#### Dataset excerpt

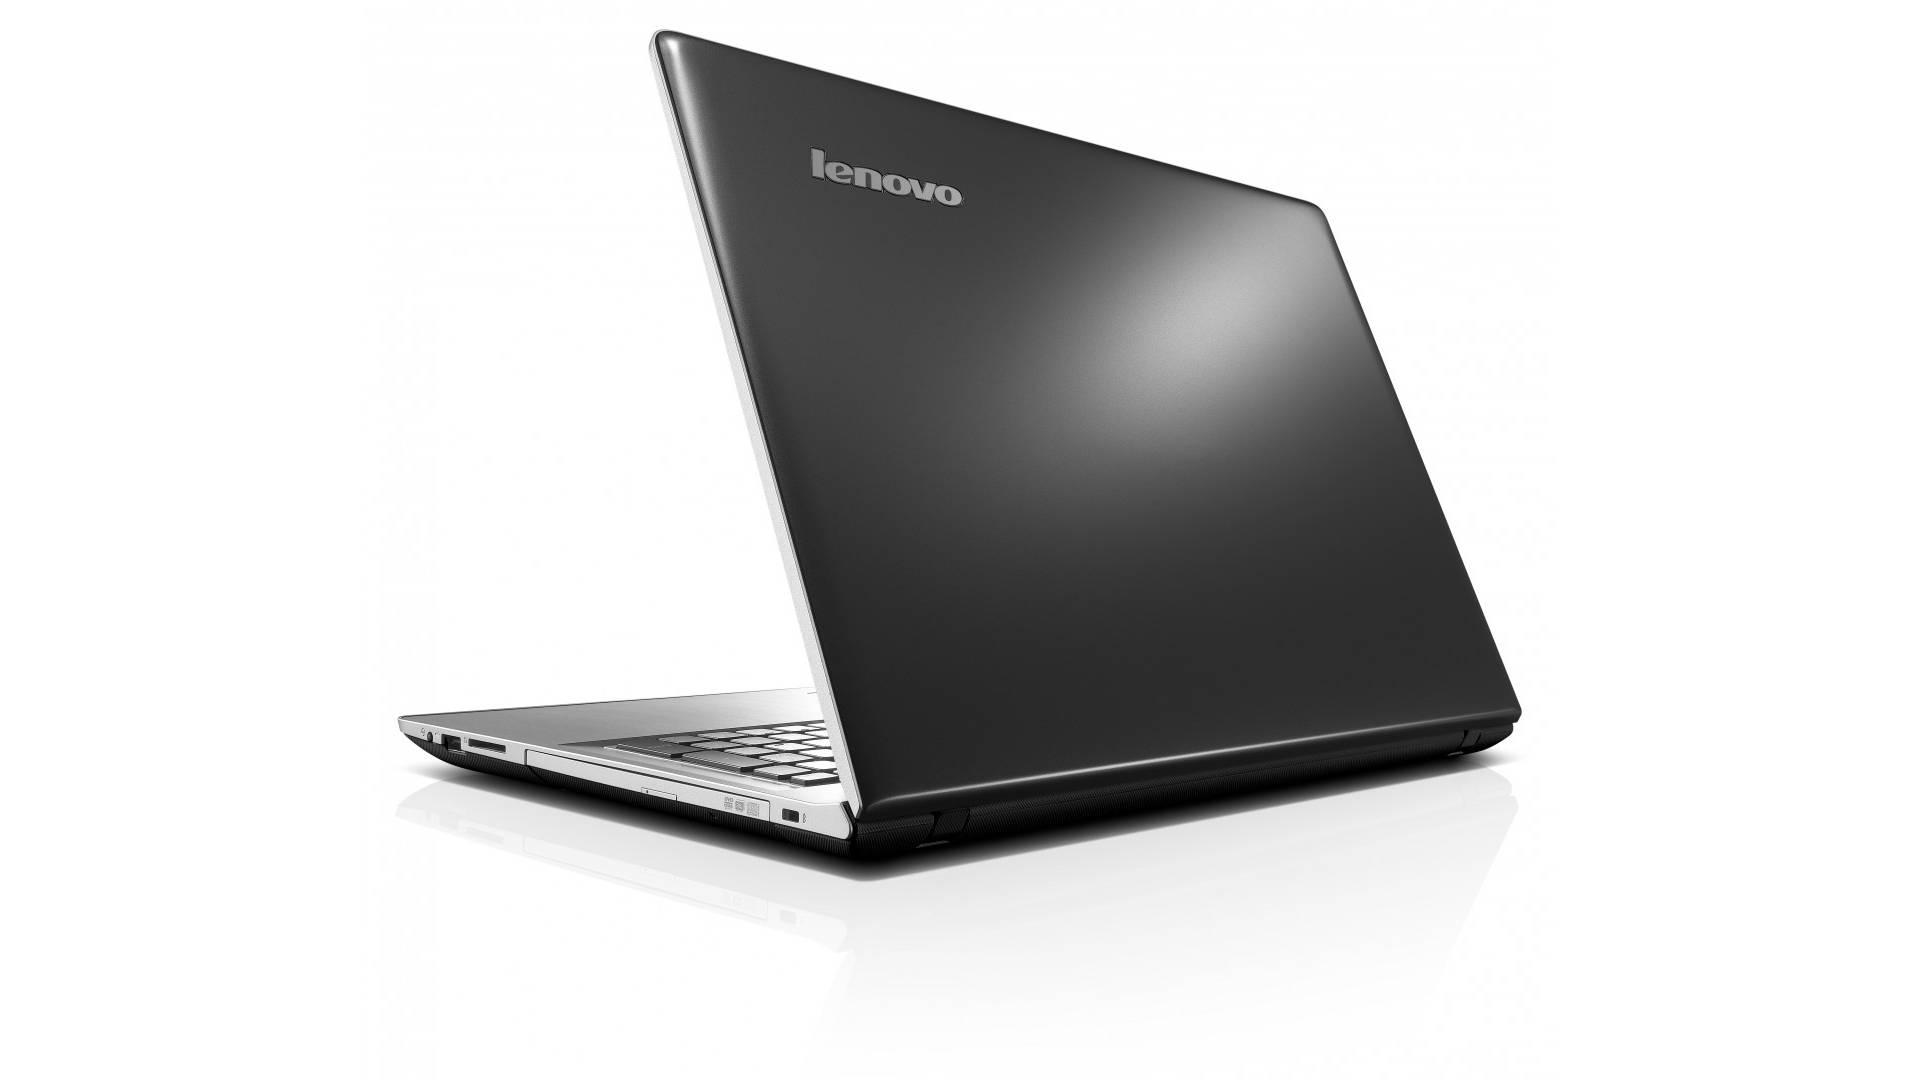 Lenovo IdeaPad Z51-70 i5
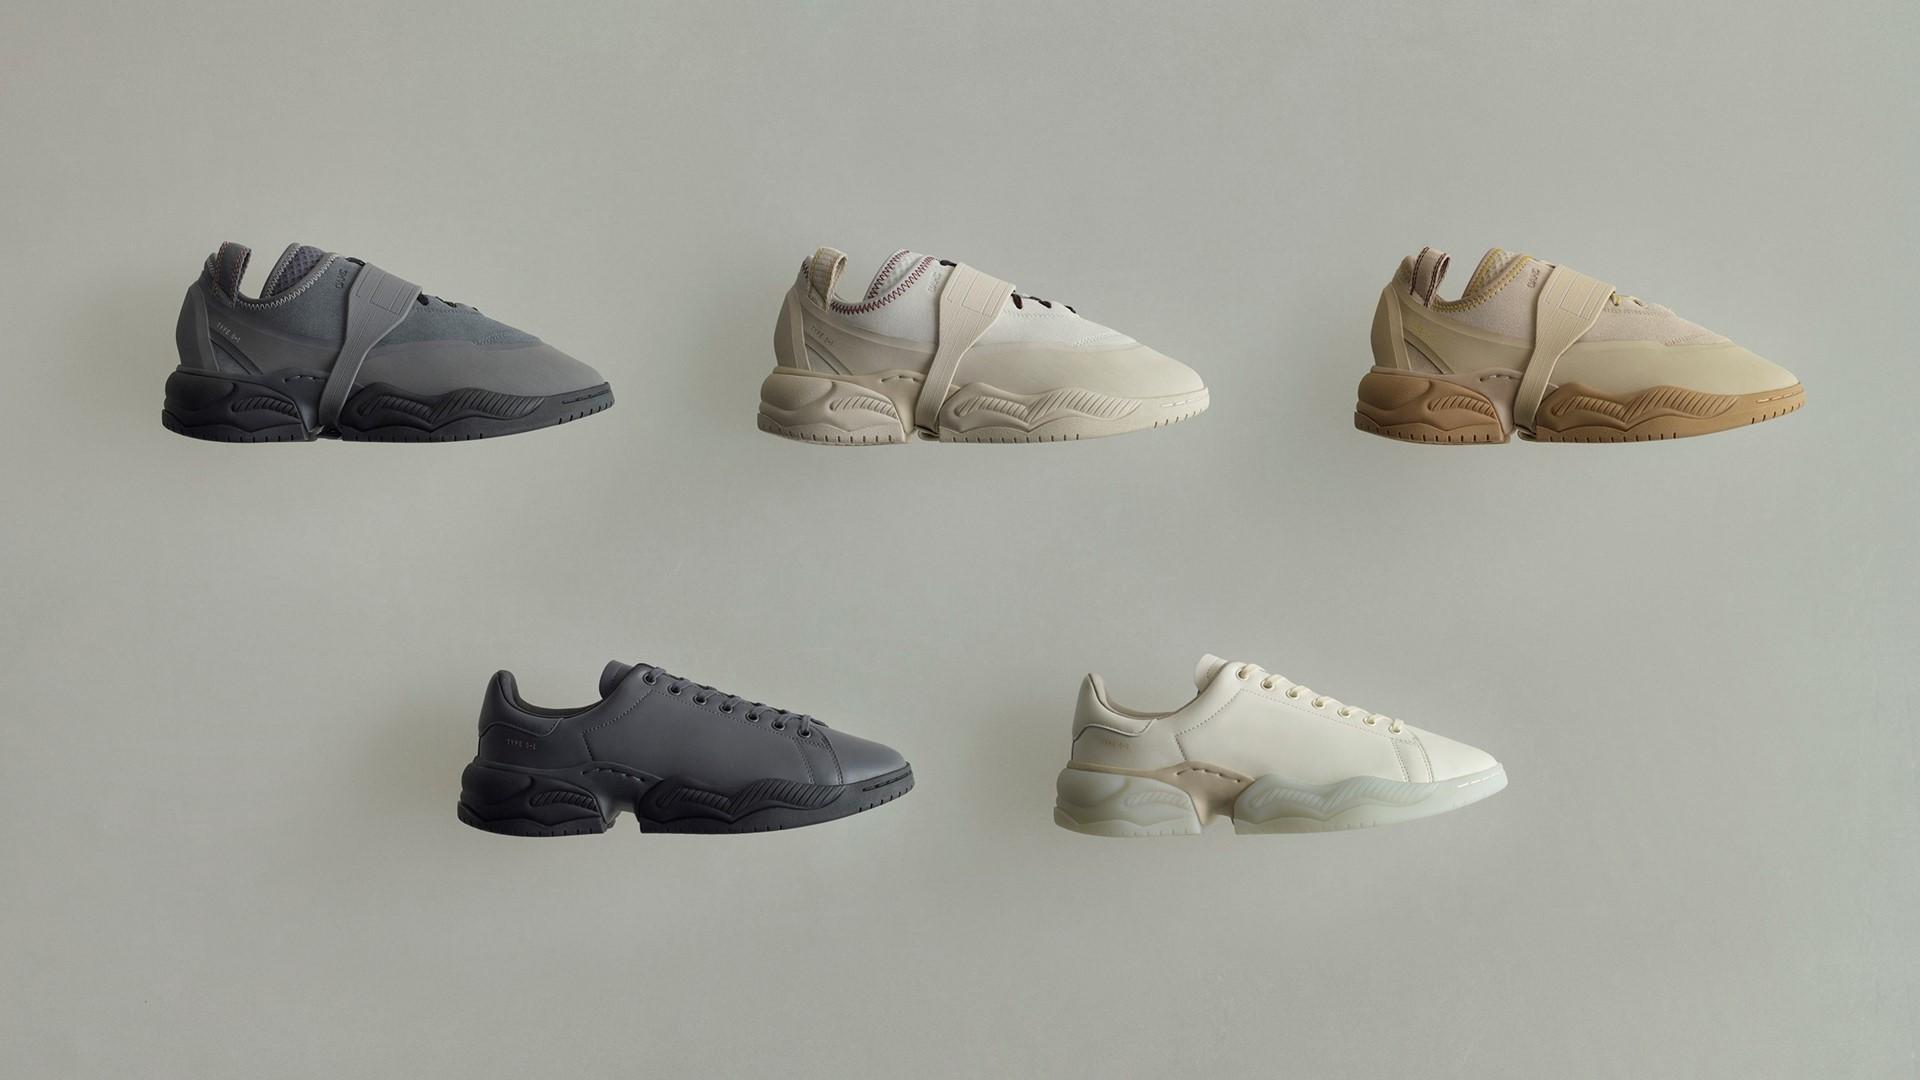 adidas Originals and OAMC Reimagine The
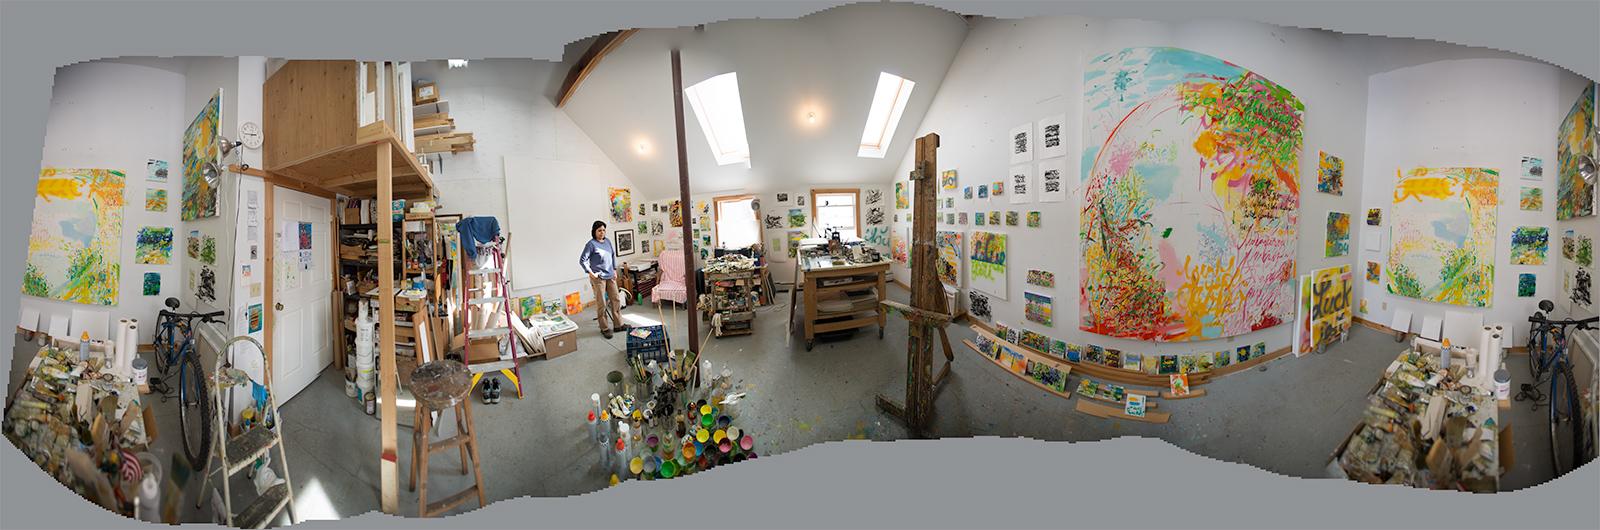 Vermont Studio Center, studio photo by Warren Buckles, 2015  http://www.warrenbuckles.com/

########

Please make an exact copy of the whole listing and leave out its pictures.

[Result for this task]:
 Lenovo IdeaPad Z51-70 i5
 adidas Originals and OAMC Reimagine The
 Vermont Studio Center, studio photo by Warren Buckles, 2015  http://www.warrenbuckles.com/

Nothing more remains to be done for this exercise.